#### What the exercise asks:
From the listing below, output only the lines starting at the line that has "Shop Teal green cotton co-ord set" and ending at the line that has "Colorful cleaning set", exactly as they appear, ends included.

#### Records shown:
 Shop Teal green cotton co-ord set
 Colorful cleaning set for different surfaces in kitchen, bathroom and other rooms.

--

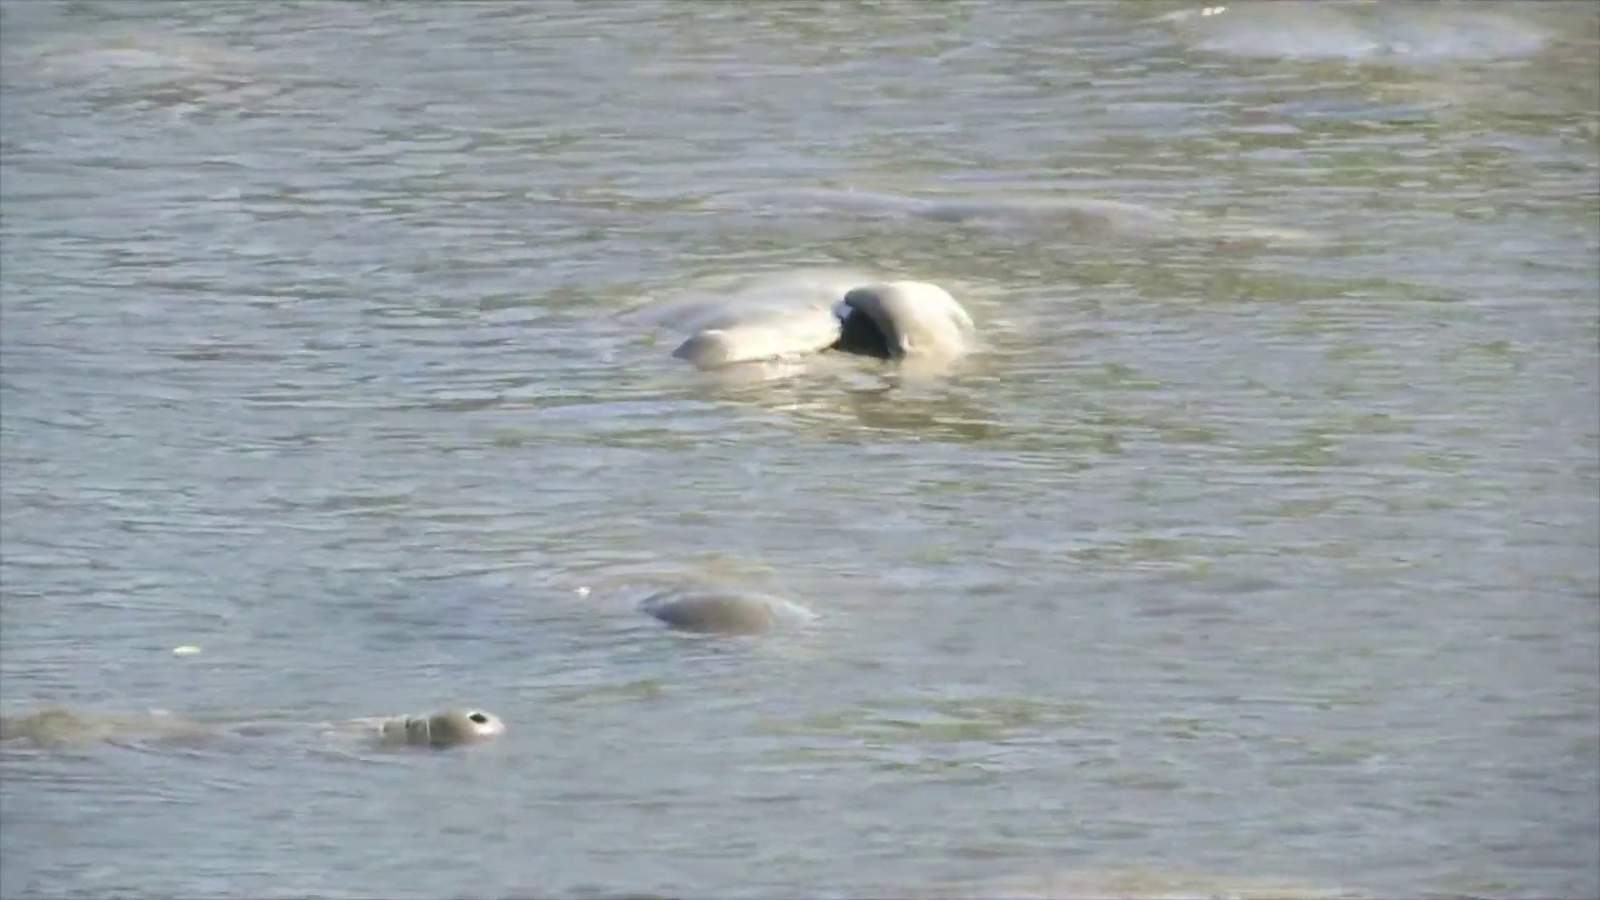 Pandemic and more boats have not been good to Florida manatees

==

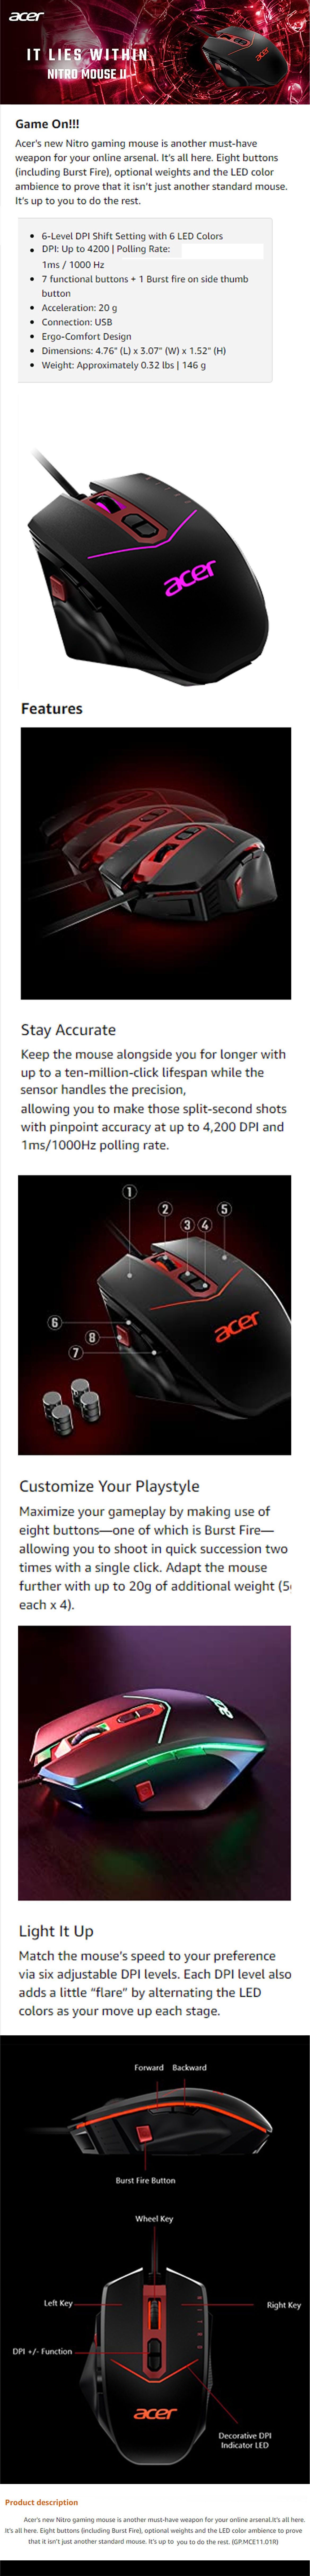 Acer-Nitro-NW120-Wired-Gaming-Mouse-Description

#### Response to this exercise:
 Shop Teal green cotton co-ord set
 Colorful cleaning set for different surfaces in kitchen, bathroom and other rooms.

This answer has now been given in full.